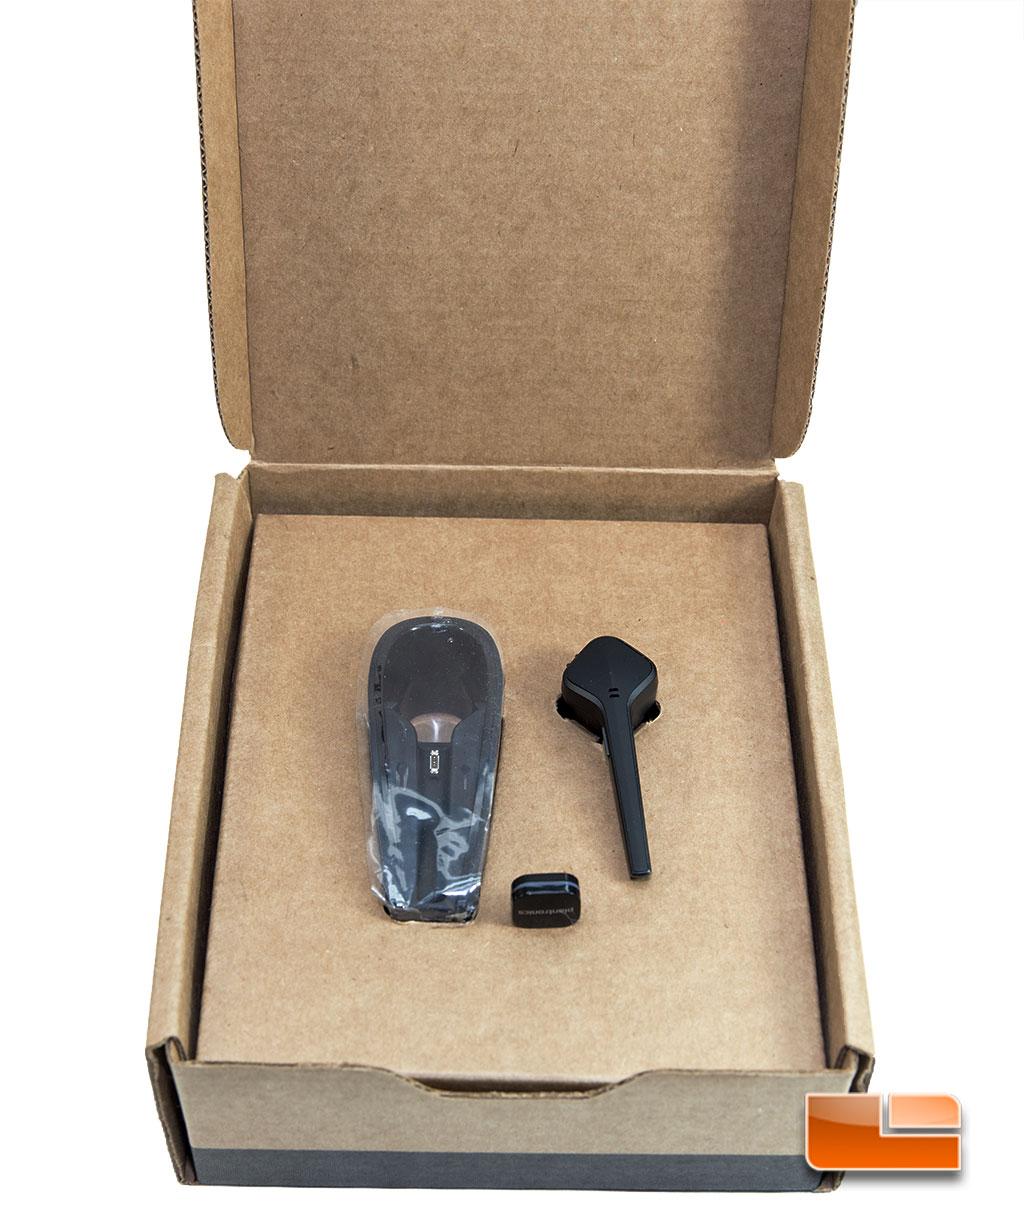 Plantronics Voyager Edge Uc Blackwire C725 Headsets Review Page Se Box
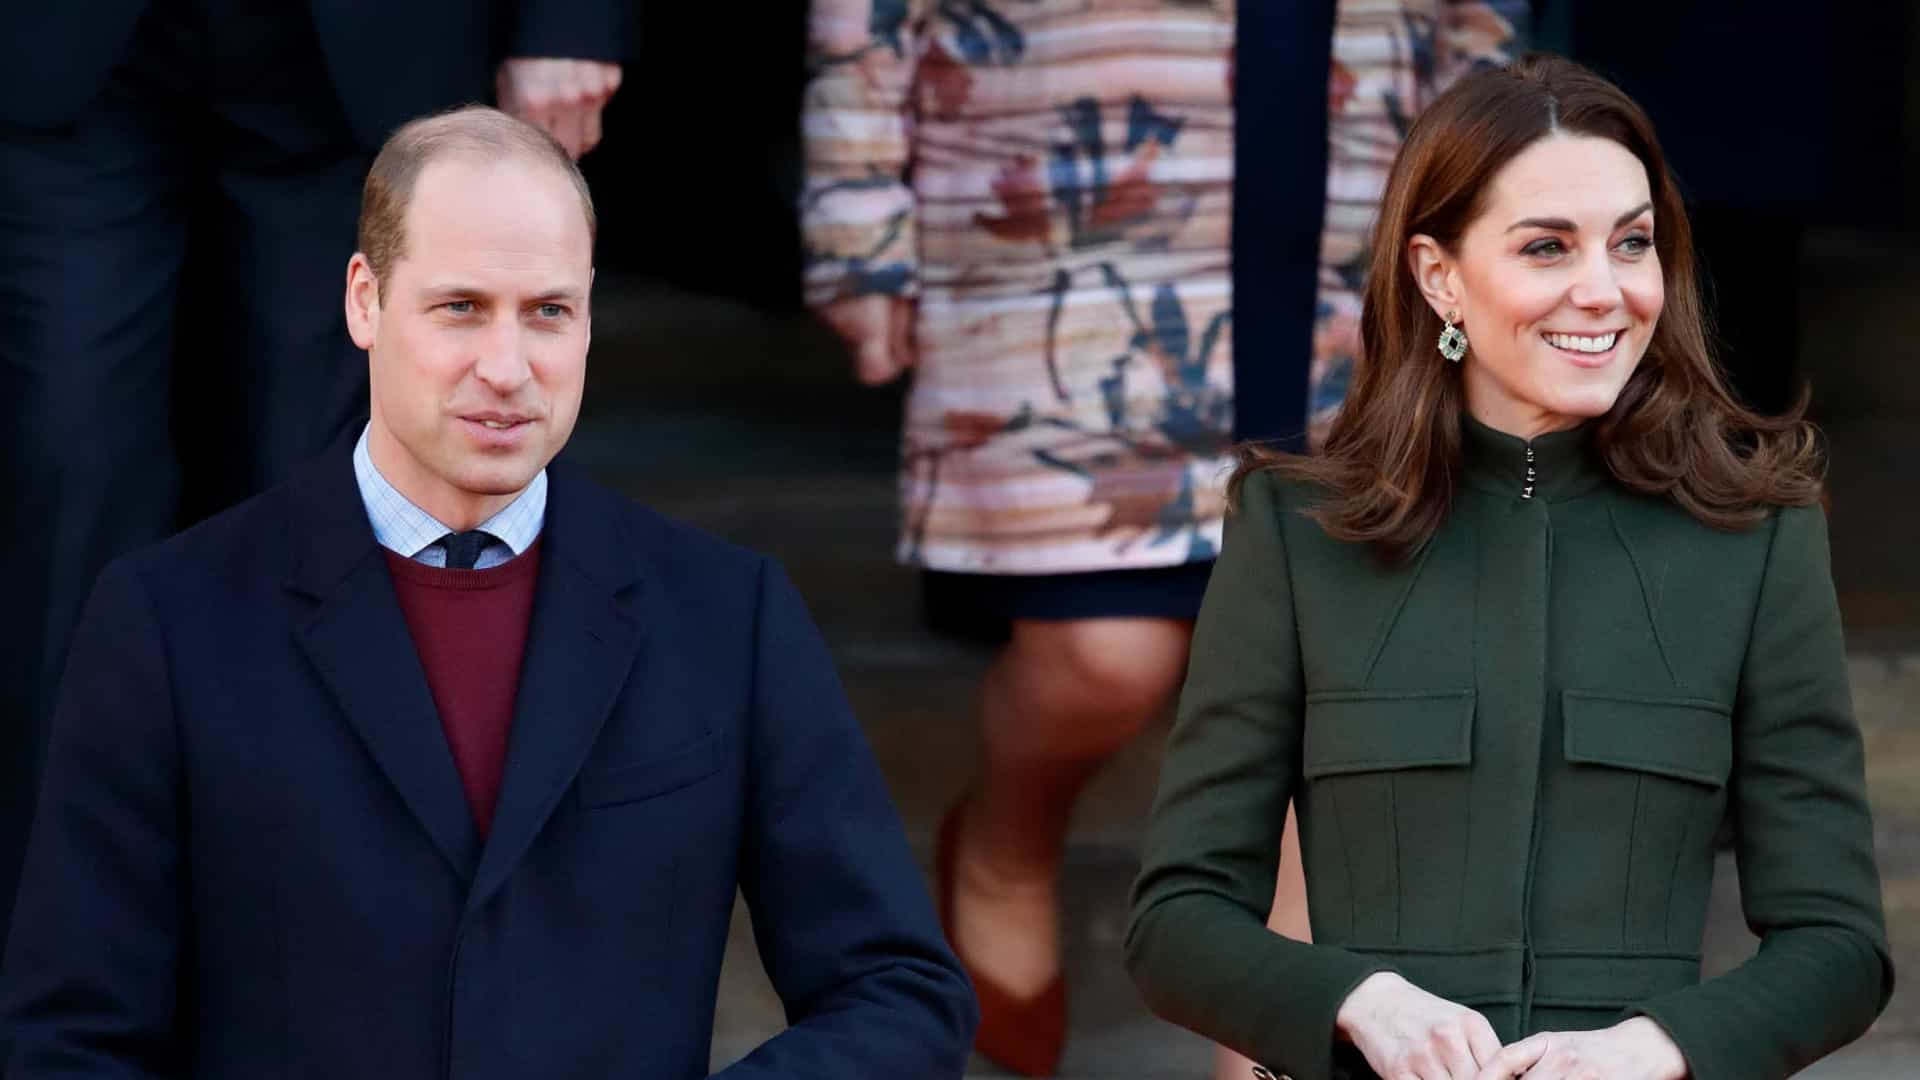 Vídeo viral: Príncipe William surpreende ao falar em língua gestual
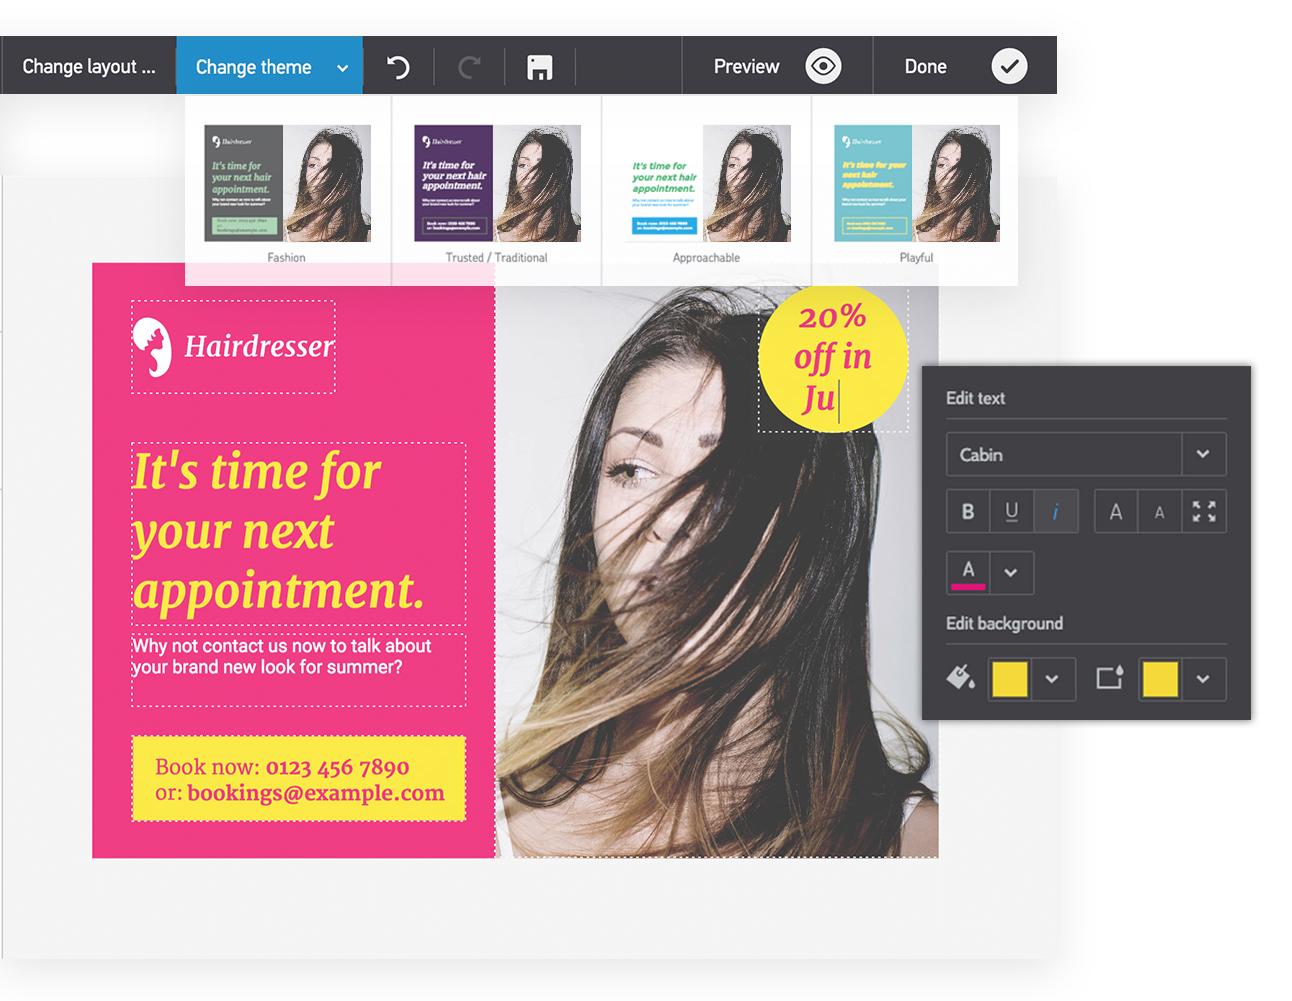 RoyalMail launches MailshotMaker

## WORK ITEM
Produce an exact copy of each line of data, skipping embedded images.

## SOLUTION TO THE PROBLEM
 Plantronics Voyager Edge Uc Blackwire C725 Headsets Review Page Se Box
 Vídeo viral: Príncipe William surpreende ao falar em língua gestual
 RoyalMail launches MailshotMaker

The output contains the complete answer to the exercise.